Sometimes surprises are good. I bought RJ Andrews new book Info We Trust expecting to get some practical tips on how to create better data visualizations. But frankly there’s very little in the way of “how to” in this book. Instead I was treated to a deeply engaging book that’s part history of data visualization, part exploration of human psychology, and 100% a love letter to “data storytelling”, with brief detours into linguistics, museum curation sentence diagramming and propaganda posters. If you’re looking to know when to use a bar chart vs a pie chart in your powerpoint slides, this book will be a disappointment. But if you want to learn how to think deeply about telling stories with data, or just enjoy seeing somebody who loves their topic nerd out about it for 200 pages in a beautiful formatted book, this may be for you.

Let’s start with that beautiful book. This is not a read that you want to pick up on Kindle. The book is littered with fascinating illustrations, all hand drawn by the author (!!!), and almost every page has interesting quotes, examples and tangents in the marginalia. Here are a few random pages that I snapped with my phone while writing this; it turns out that every single page is this beautiful.

Page1

Page2

Page3

Page4

In addition to the eye candy, Andrews mostly avoids giving readers rules, but instead dives deep into the whys of data storytelling.

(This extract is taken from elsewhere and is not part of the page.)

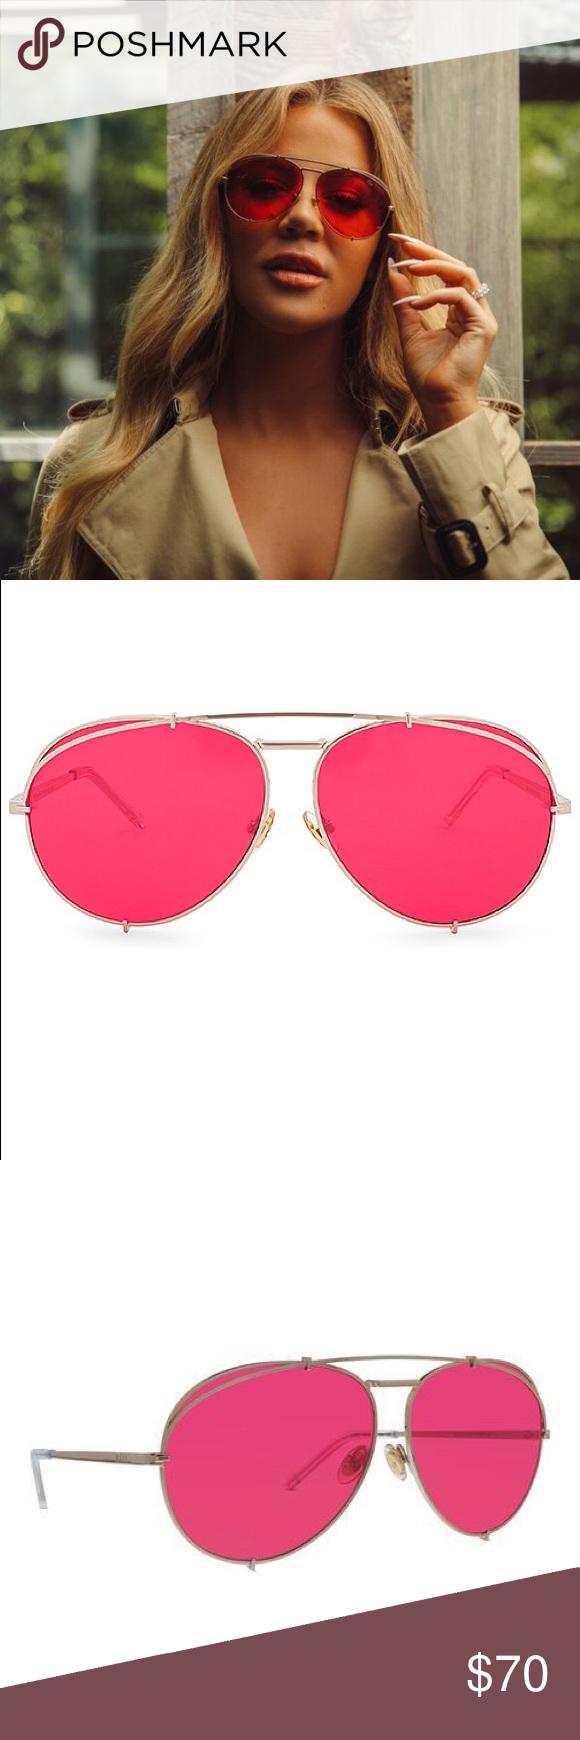 9a444329fd83c NWOT Diff Eyewear Koko Khloe Kardashian Sunglasses NWOT
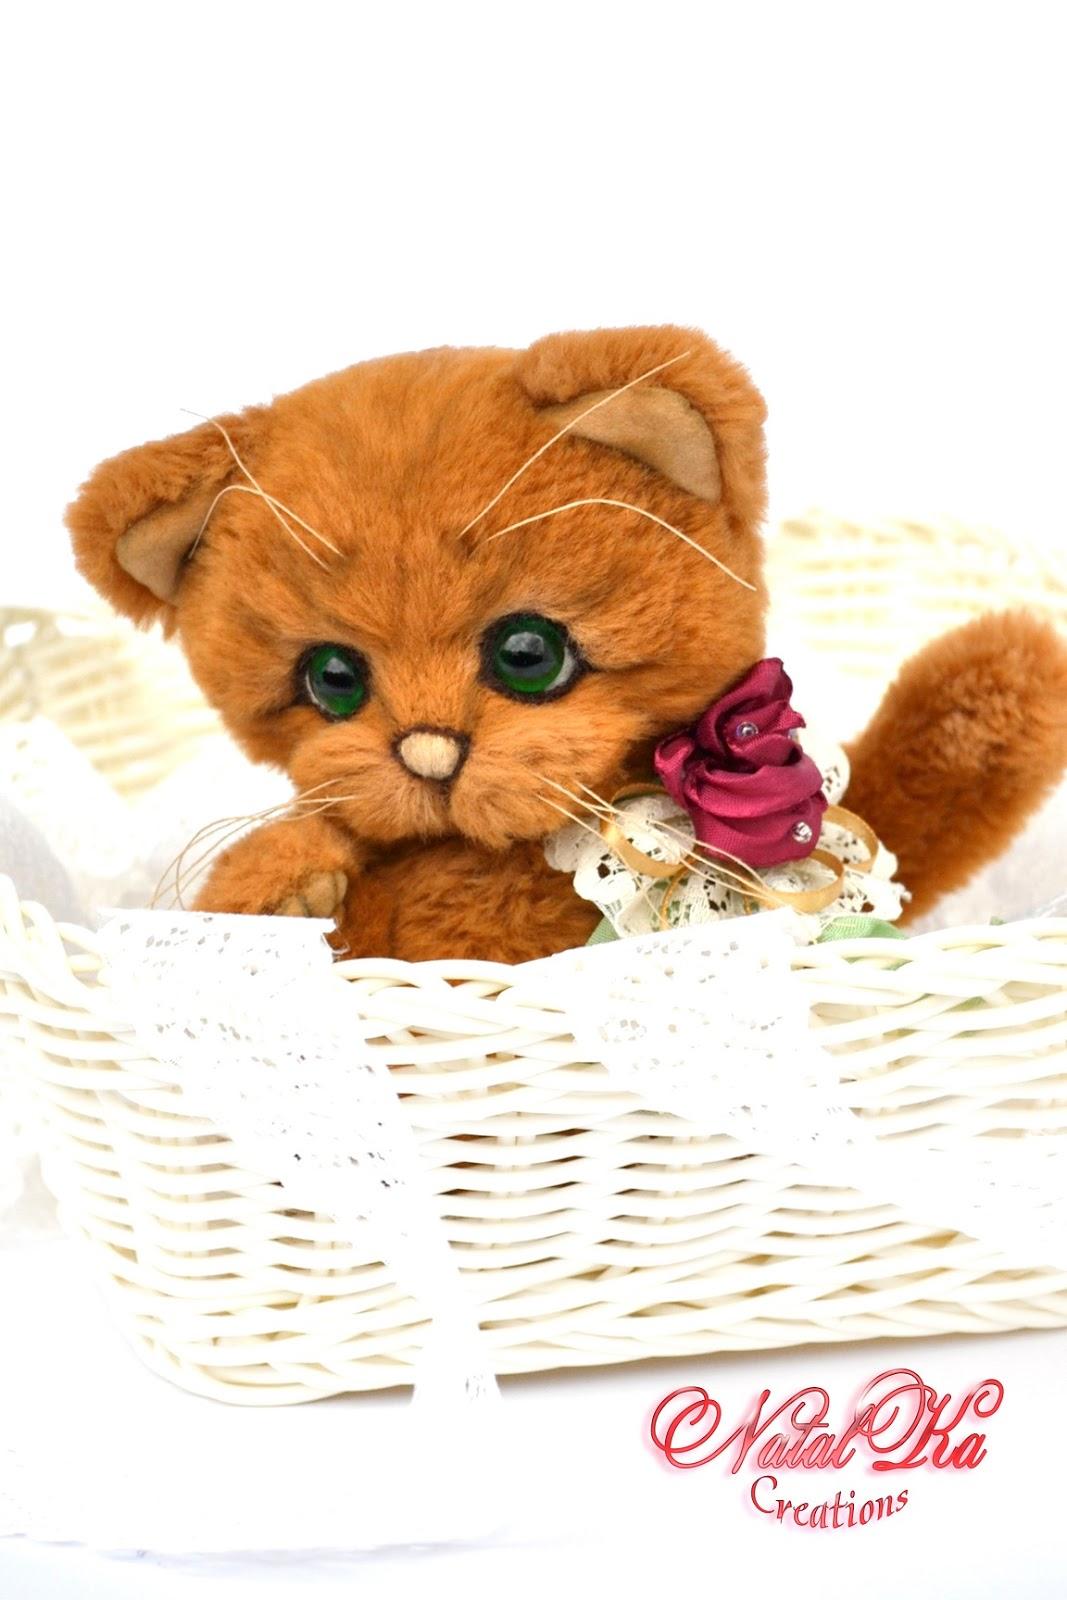 Artist teddy cat, artist teddy, teddies, ooak, handmade byNatalKa Creations. Авторский кот тедди, котенок, кошка, ручная работа в единственном экземпляре от NatalKa Creations

Things I was left thinking about:

  1. The way I think about bars vs columns differently based on my different assumptions about distance vs stacks of items
  2. How the plethora of data available in the world today has a cost: our attention. That has left me thinking both about designing interfaces that manage attention, but also how to reclaim my own distracted attention.
  3. The difference between data and information, and how each can be useful. How in the product I work on we can help users get access to enough raw data to explore on their own, but also give them meaningful “information” derived from that data.
  4. I was motivated to get better at drawing, and explaining things with images in my day to day work. I don’t do this enough.

If all of that sounds too high level and impractical for you, this is probably not the book for you. But anyone who is already a data viz geek will find something to love, and as somebody who is tangential to the field it certainly expanded my mind and gave me a lot to think about. All in all, this one is easy to recommend. Check it out!